Some numbers to quantify our progress:
In the 21-22 SPHS was ranked 311th for the overall report card score; now we are 91st.
We were 206th in overall growth; now we are 49th
We were 176th in ELA Growth; now we are 39th
We were 319th in Math Growth; now we are 70th.
Growth Percentile, as you probably know, measures the amount of progress students are making each year. It's the school report card metric we have been most focused on recently at SPHS. Slides courtesy of Principal Chad Harnisch.
Working with the School Improvement Team has shaped my understanding of how multidisciplinary teams identify and commit to the most vital goals and strive to chase those goals with coherence and distributed leadership over a series of 100-day improvement cycles. At SPHS, we have used this process to tackle standards-based grading, disciplinary literacy, Universal Design for Learning, 1:1 conferencing, instructional rounds, and student voice initiatives. These efforts have dramatically improved student outcomes over the last five years by formalizing and systematizing a process of collaboration and data sharing.
Example: teachers engaged in visible sharing of pre-and-post assessment vocabulary data.

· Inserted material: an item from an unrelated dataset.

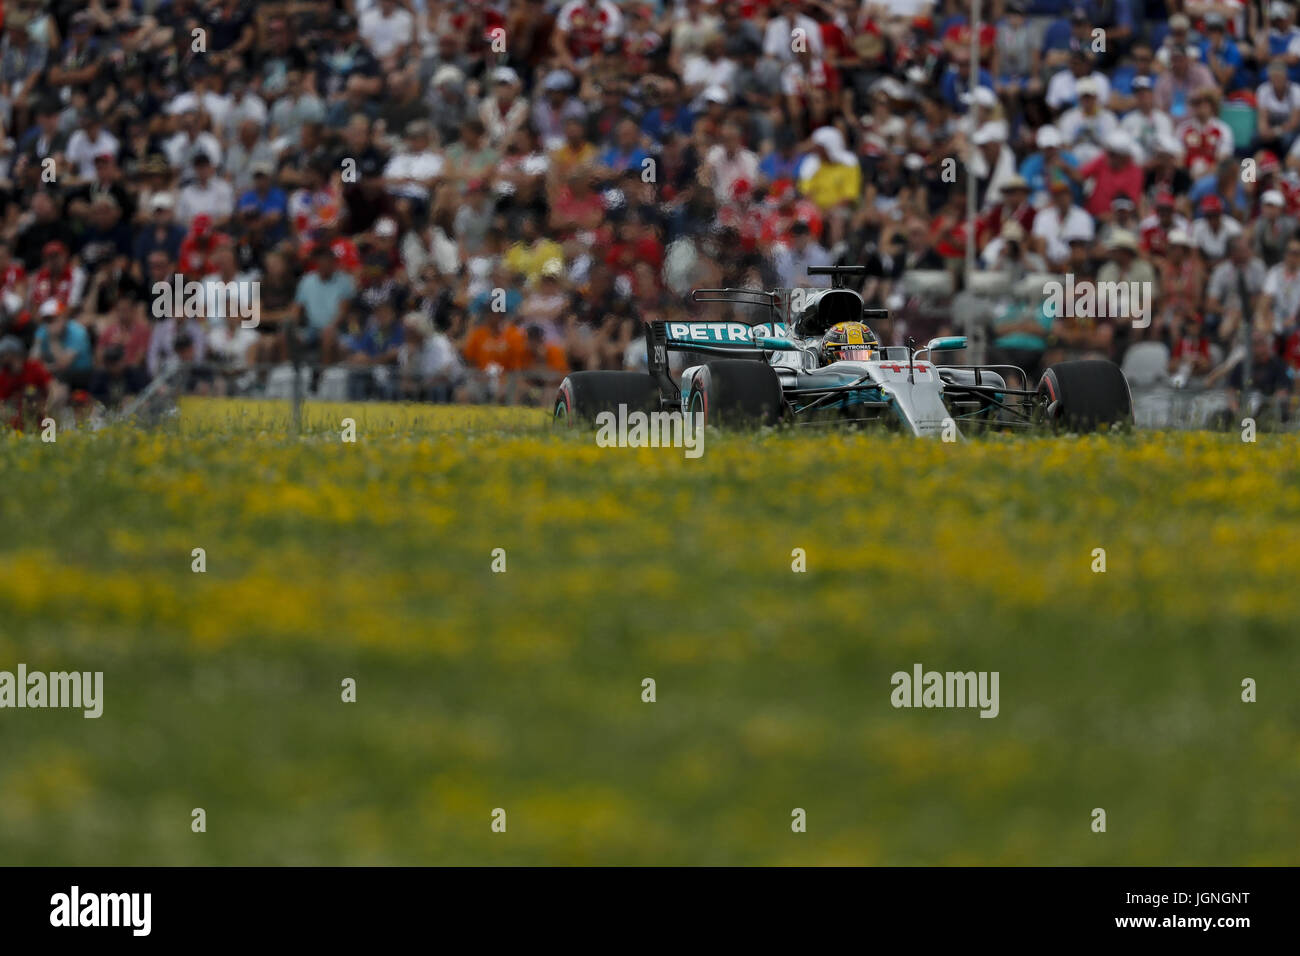 Spielberg, Austria. 8th July, 2017. LEWIS HAMILTON of Great Britain and Mercedes AMG Petronas F1 Team drives during the qualifying session of the 2017 Formula 1 Austrian Grand Prix in Spielberg, Austria. Credit: James Gasperotti/ZUMA Wire/Alamy Live News Stock Photo

This represented a major shift in our culture of professional inquiry and accountability.
I am excited to continue doing this work as long as I'm at SPHS, and grateful for the experience that I can bring with me to future roles. When paired with thoughtfully-aligned professional development and strong PLCs, the SAIL improvement framework represents an authentic manifestation of the educational vision we've been trying to create since John Hattie first popularized the idea of collective teacher efficacy.